Wireless basics — Wi-Fi for CCNA
9 min
The CCNA expects you to know enough Wi-Fi to talk intelligibly about the SSID, the encryption, the bands, and the controller architecture. This is the survey, not the deep dive (that's the CWNA cert).
The vocabulary
| Term | Meaning | |---|---| | AP (Access Point) | The "switch port" of the wireless world — bridges Wi-Fi clients onto the wired LAN | | SSID | Service Set Identifier — the network name, e.g. "Corp-Wi-Fi" | | BSSID | The AP radio's MAC address. Each SSID-radio combination is a BSSID | | WLAN | Wireless LAN — an SSID + its config (security, VLAN, etc.) | | WLC | Wireless LAN Controller — central brain managing many APs | | CAPWAP | Tunneling protocol from AP to WLC (carries control + data) | | RF | Radio Frequency — the actual signal in the air |
The bands
| Band | Channels | Range (rough) | Throughput | Issue | |---|---|---|---|---| | 2.4 GHz | 11–14 (only 1/6/11 non-overlapping) | Good | Lower | Severely crowded (microwaves, BT, every old AP) | | 5 GHz | 24+ non-overlapping | Medium | High | Less crowded, less wall-penetrating | | 6 GHz (Wi-Fi 6E / 7) | Many new | Short | Very high | Brand new, modern devices only, regulatory varies |
Standards: 802.11n (Wi-Fi 4, 2.4 + 5), 802.11ac (Wi-Fi 5, 5 only), 802.11ax (Wi-Fi 6 / 6E), 802.11be (Wi-Fi 7).
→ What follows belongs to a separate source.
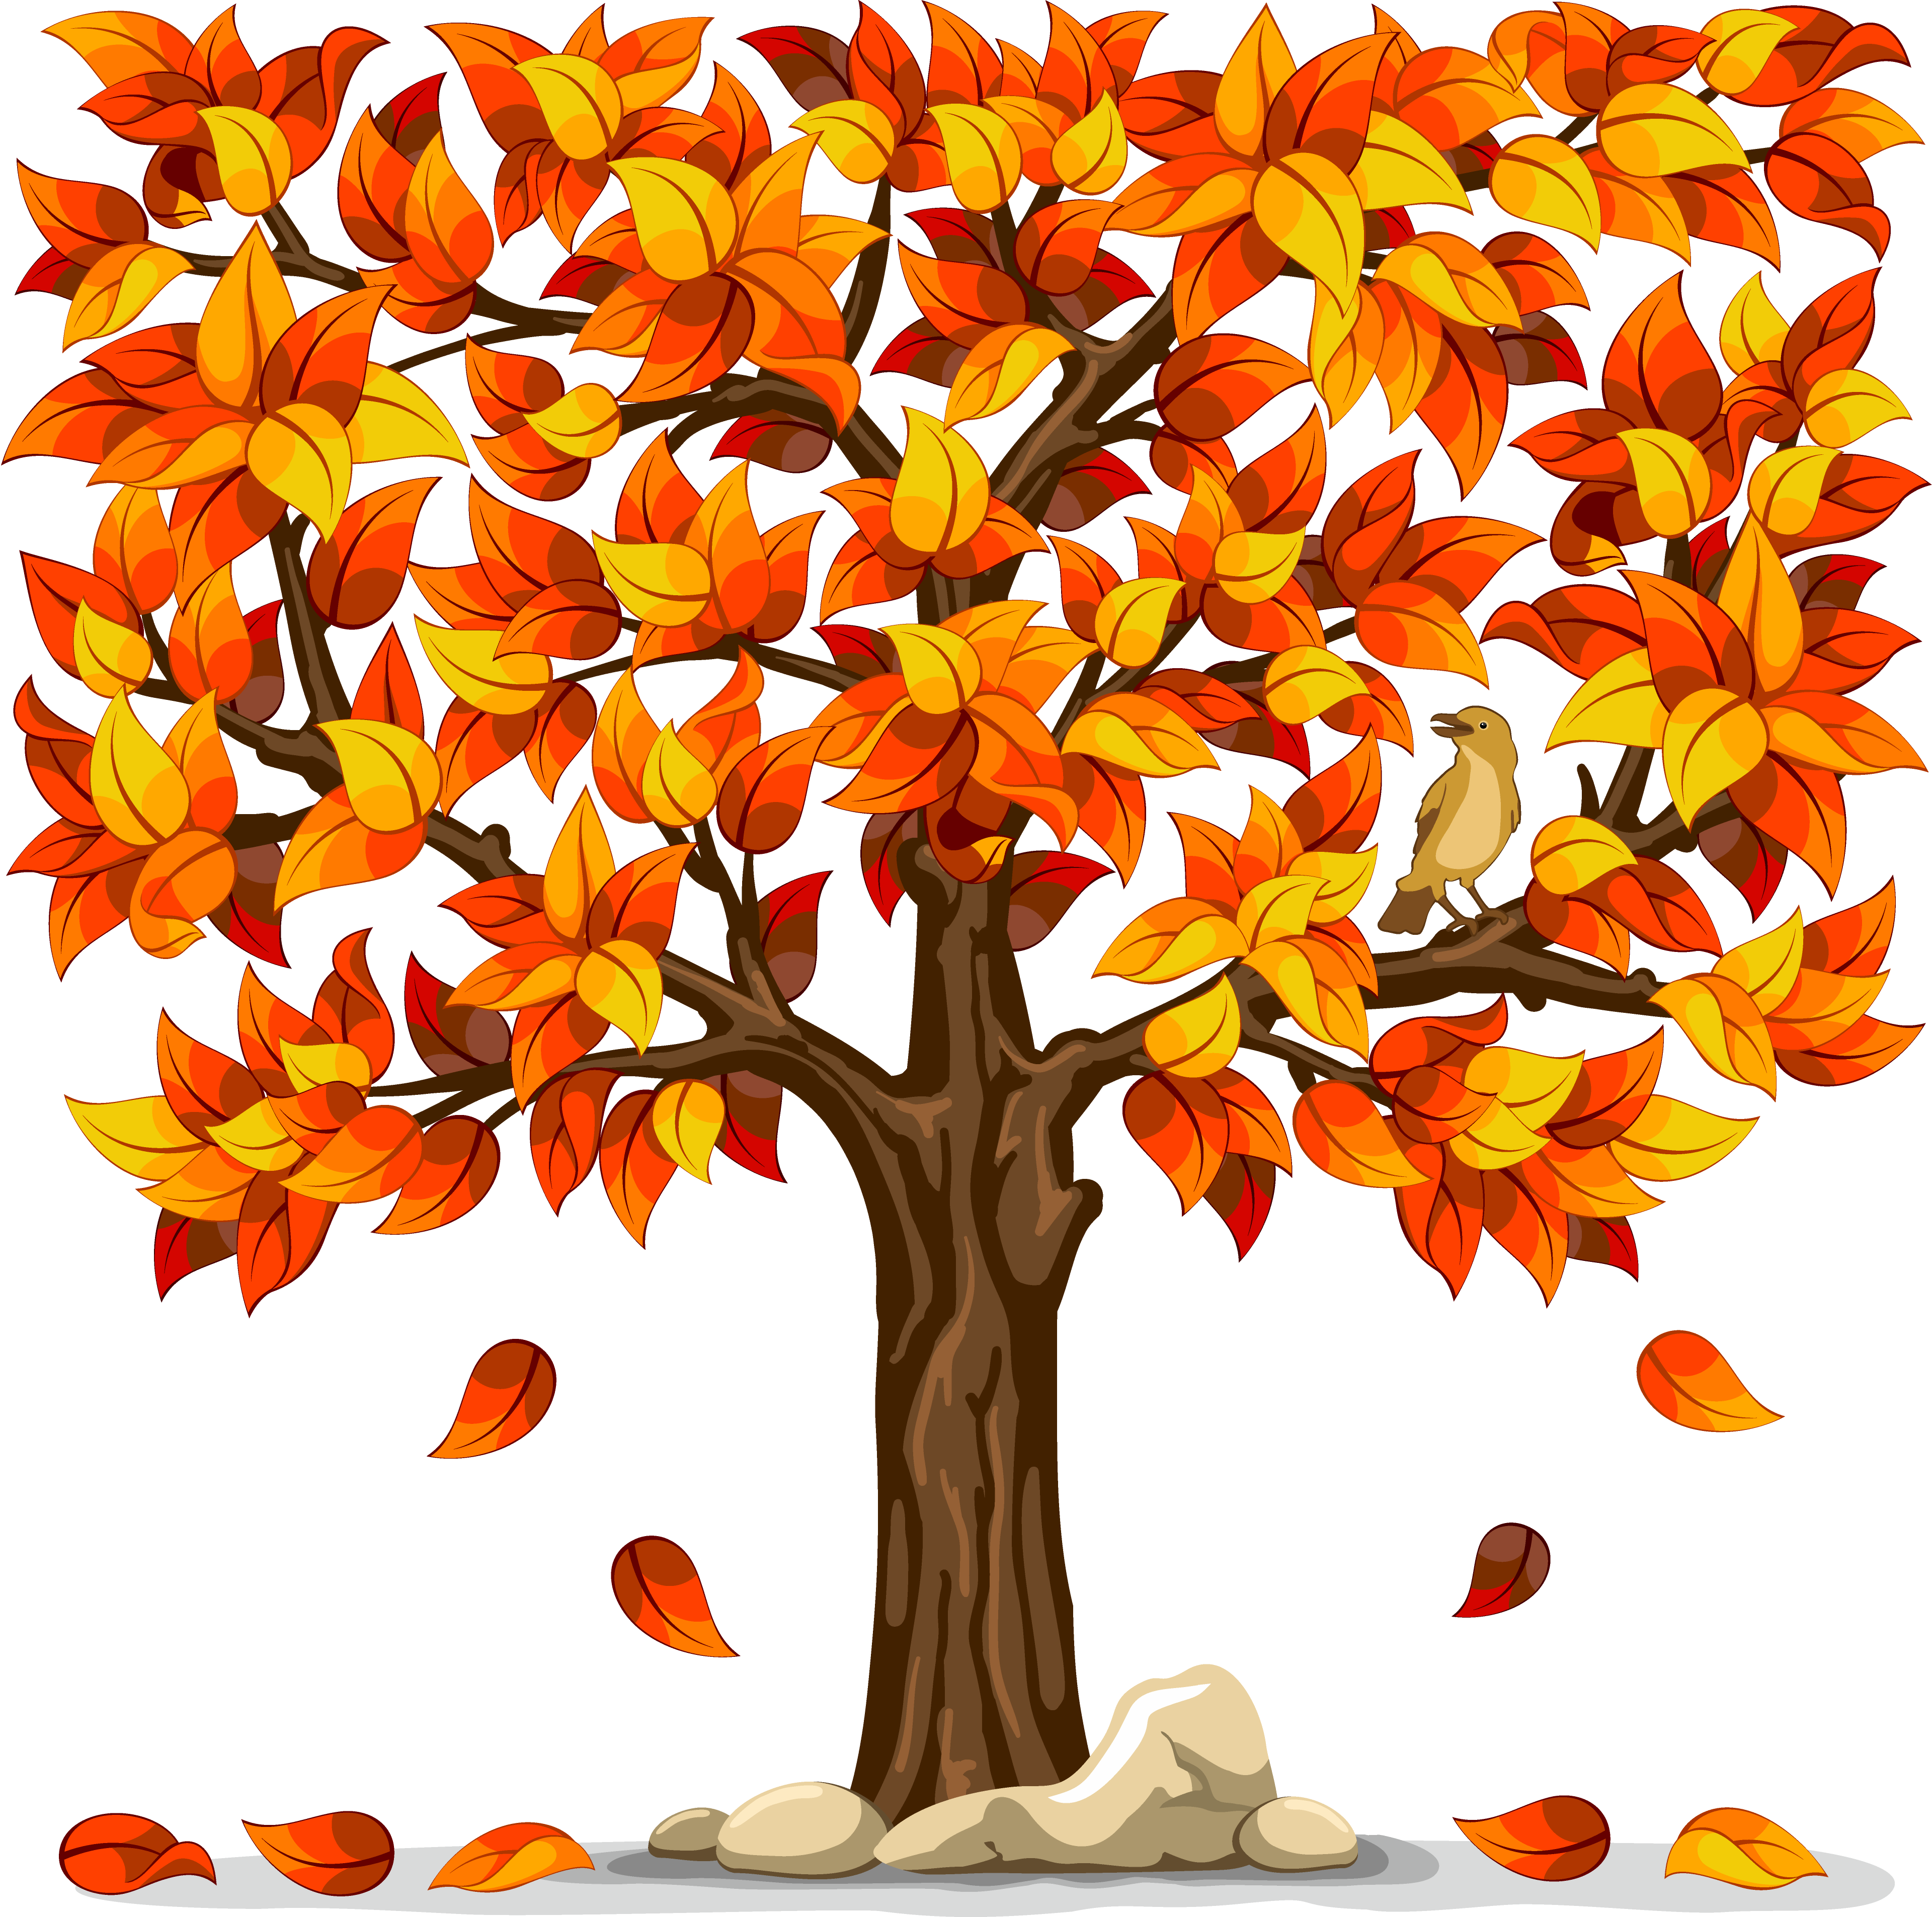 Autumn Tree With Falling Leaves Clip Art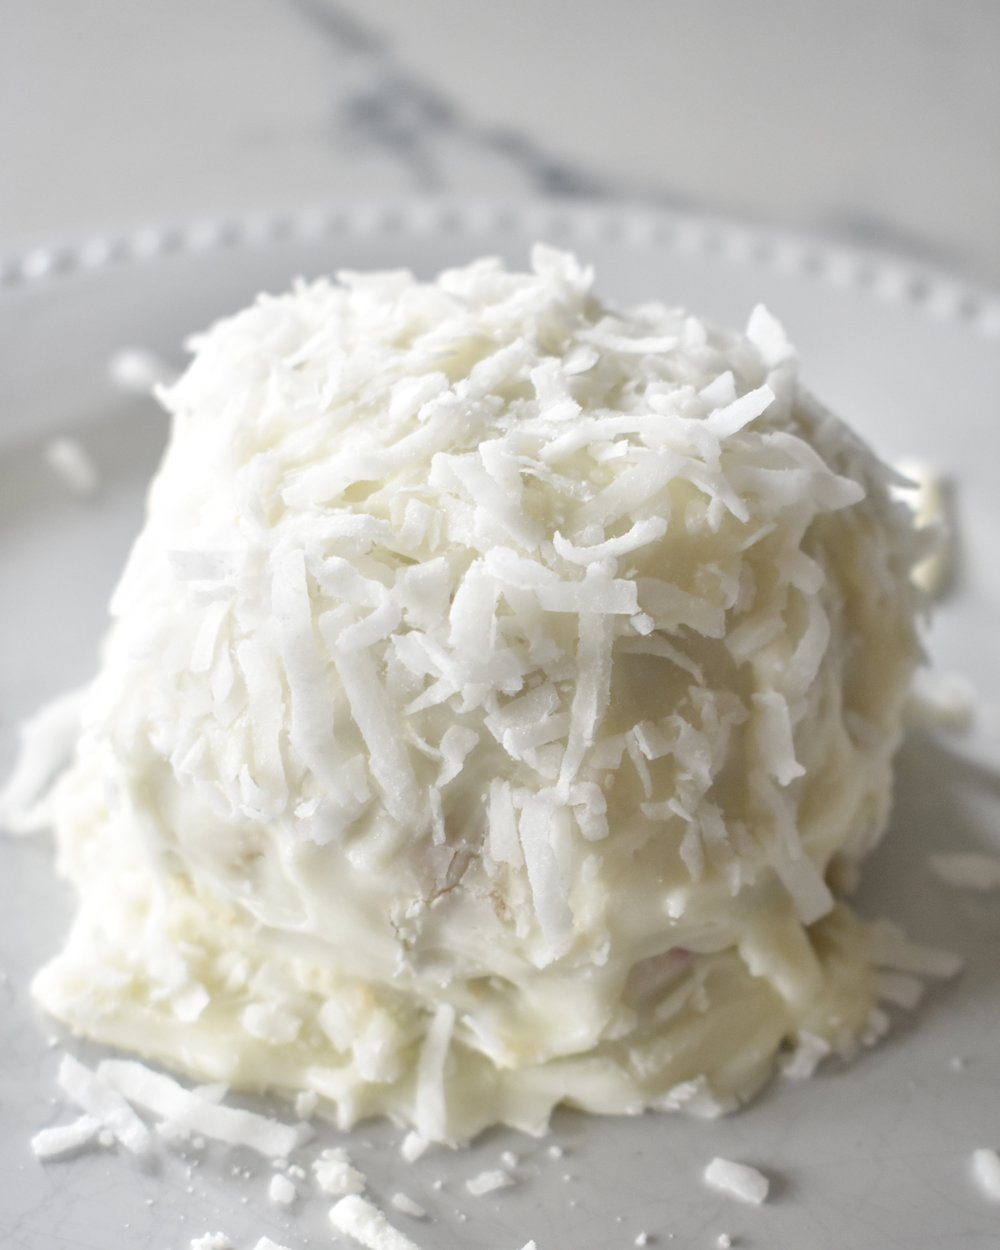 Christmas in July: Ice Cream & Coconut Snowball Recipe

Autonomous vs controller-based APs
- Autonomous APs — each AP has its own full config. Fine for <10 APs. Doesn't coordinate channel assignment, roaming, or RF management between neighbors.
- Lightweight APs + WLC — APs boot, discover a WLC, and tunnel everything (CAPWAP) back to it. WLC handles auth, VLAN mapping, RRM (Radio Resource Management — automatic channel + power), and seamless client roaming between APs.
Modern enterprise: WLC-managed every time. Small office / home: autonomous (or a "controller-in-the-cloud" model from vendors like Meraki).
Security — the only acceptable modern choices
| Standard | Status | |---|---| | WEP | Don't. Broken since 2001. | | WPA (TKIP) | Don't. Deprecated. | | WPA2-PSK | OK for home / small office, with a strong passphrase. | | WPA2-Enterprise | Per-user authentication via RADIUS (802.1X). The standard for corporate. | | WPA3-Personal (SAE) | Replaces PSK — resists offline dictionary attacks. | | WPA3-Enterprise | Per-user 802.1X with stronger crypto. |
For enterprise: WPA2-Enterprise minimum, WPA3-Enterprise where supported. Always use 802.1X with EAP (typically PEAP or EAP-TLS) against your AD or RADIUS server.
How a client joins a WLAN
- Discovery — passive scan listens for beacons, active scan sends probe requests. Client finds the SSID.
- Association — client picks an AP (by signal, load, vendor heuristic) and associates with it.
- Authentication — open / PSK / 802.1X via EAP. WPA2/3 handshake establishes per-session keys.
- DHCP — client gets an IP, starts using the network.
A "roam" is the same dance to a new AP. Fast roaming standards (802.11r, OKC) reduce that to milliseconds.
What to remember
- AP = wireless switch port; WLC centrally manages many APs via CAPWAP.
- 2.4 GHz is crowded; 5 GHz is the workhorse; 6 GHz is the future.
- Use WPA2-Enterprise minimum; never WEP or plain WPA.
- An SSID can map to a specific VLAN — the AP bridges wireless frames into the matching tagged VLAN.